Driving fundamental research into brain function and how perceptions are formed

We are committed to bringing together the world’s most talented researchers across biology, chemistry, engineering, mathematics, physics, the humanities and the social sciences to investigate the complex interactions governing sensation, perception and cognition. We have three core areas of interest: brain discovery, brain treatment and brain development.

Brain discovery

Our primary focus is interdisciplinary research in basic sciences to understand fundamental brain at the level of the individual neuron and synapse. We support research that will deepen understanding of how the brain gathers, organizes and retains information, and translates perceptions into thoughts, emotions, decisions, actions and memories. Currently, limited understanding of these processes is a bottleneck for new discoveries in both brain treatment and development. 


Brain treatment

We seek to translate improved understanding of brain mechanisms and processes into breakthroughs in the treatment of physical and psychological suffering.

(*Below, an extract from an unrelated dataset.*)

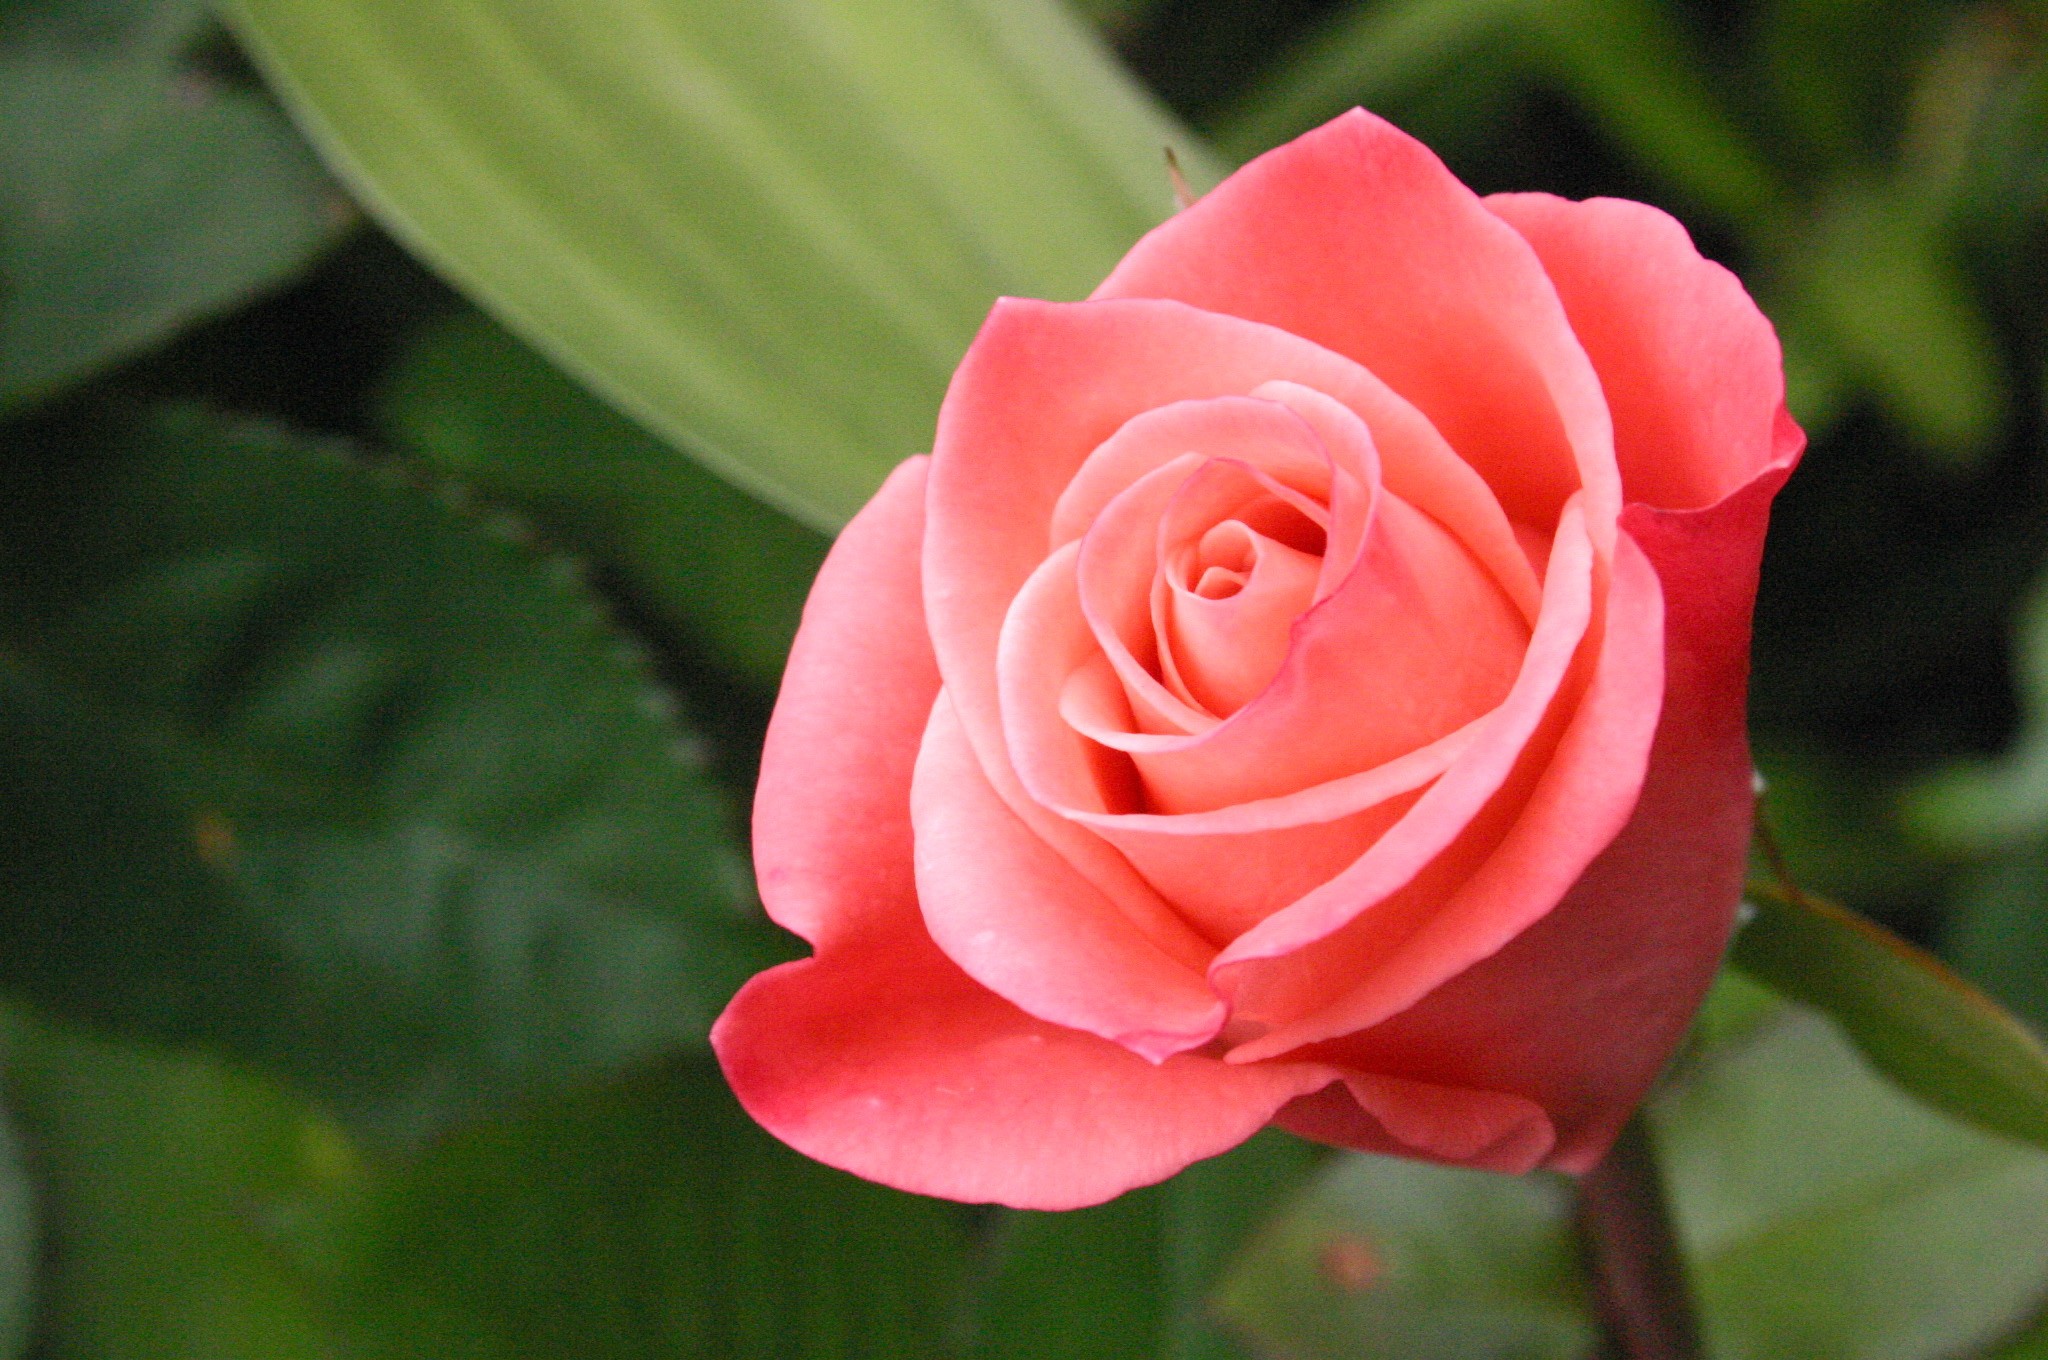 http://cdn.oboi7.com/7a3ca8fc64083354baf055805d1c3c32897d75a4/cvety-rozy-rozovye-cvety-rozovye-rozy.jpg

In particular, we will focus on two severe areas:

  • The first area is mental disorders, which can seriously impair cognitive abilities and affect one’s ability to cope with life. Such disorders include anxiety issues, mood disorders, chronic pain, schizophrenia and other psychotic problems.
  • The second is neurodegenerative diseases such as dementia, Parkinson’s and Lou Gehrig’s diseases, which are often debilitating and remain largely incurable due to inadequate knowledge of etiology and progression.

Brain development

An acute understanding of fundamental brain processes offers multiple windows of opportunity to leverage and enhance brain capacity, with three areas of focus:

  • First, we are committed to studying the relationship and interaction between the brain and machine. We are interested in perfecting a two-way neural communications via seamless, real-time brain machine interfaces that can record and decode intentions from neural patterns, with no side effects.
  • Second, neural interfaces that can augment human capabilities. Together with technologies such as AR or VR, brain machine interfaces can enhance neurorehabilitation, create virtual sensation and push the boundaries of brain performance in areas such as learning, memory and concentration.
  • Third, research in neural mechanisms, cognition architectures and brain machine interfaces can lead to new insights in artificial intelligence, helping us design novel learning models that mimic the layers of neuronal activity within our brains, training machines and robots to be more intelligent.